# Little '66 GTO Drum Brake Question



## take5 (Aug 9, 2009)

Provided the drum brake for a '66 GTO can be machined are the front and rear drum brakes interchangeable?
I am installing front disc brakes and will be cleaning up rear drum brakes.
Thanks to one & all.


----------



## geeteeohguy (Feb 2, 2008)

NO. Different drums completely. If you clean up the rear drums, don't go beyond 9.560" in diameter!!! Also, save the original front spindles and drums to keep the integrity of the car.


----------



## take5 (Aug 9, 2009)

THANKS - I'll hang onto the parts you mentioned for maintaining overall integrity of car.

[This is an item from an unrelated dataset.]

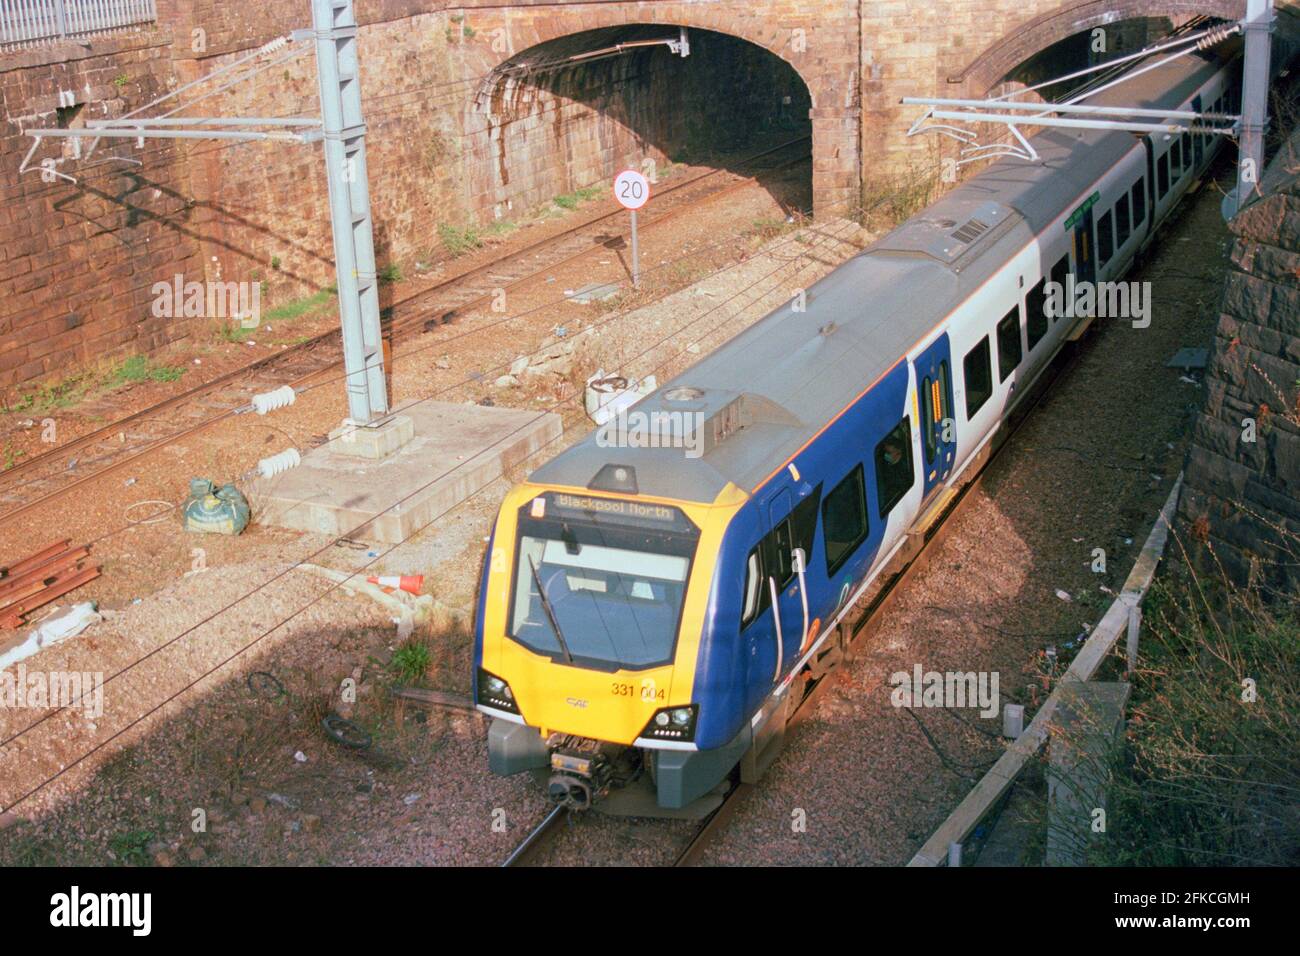 Bolton, UK - March 2021: A Northern train (Class 331) leaving Bolton station. Stock Photo

On another question I would like to get your input.
The original Rally I wheels are on the '66 GTO & prior to this restoration project a cheap set of steel belt radials were installed. Probably no surprise to you but I have learned that these original factory Rally I wheels can't handle steel belt radials. I am replacing these original Rally I wheels with replacements from Year One that look like the original Rally I & can handle radial tire.
Of the 4 original Factory Rally I wheels 1 (one) is cracked.
Should I junk the 1 cracked wheel & keep the other 3 or keep all 4?
Thanks again -


----------



## geeteeohguy (Feb 2, 2008)

Absolutely bunk about the radials. I've been running big, meaty performance radials on my Rally 1 rims since 1988. No problems. The original Budd made rims are strong as heck. I HAVE had problems with reproduction ralley one rims that have excessive run-out, wobble problems, etc. I would get one rim to replace the cracked one, refinish the remaining three, and go from there. NOTE: you may have to use two '67 style rally one repo's for the front disc brakes. I am about 99% certain that stock, '66 vintage rally one's will hit the brake caliper and not work. They were pretty much a 'drum brake only" wheel for the first 2 years.


----------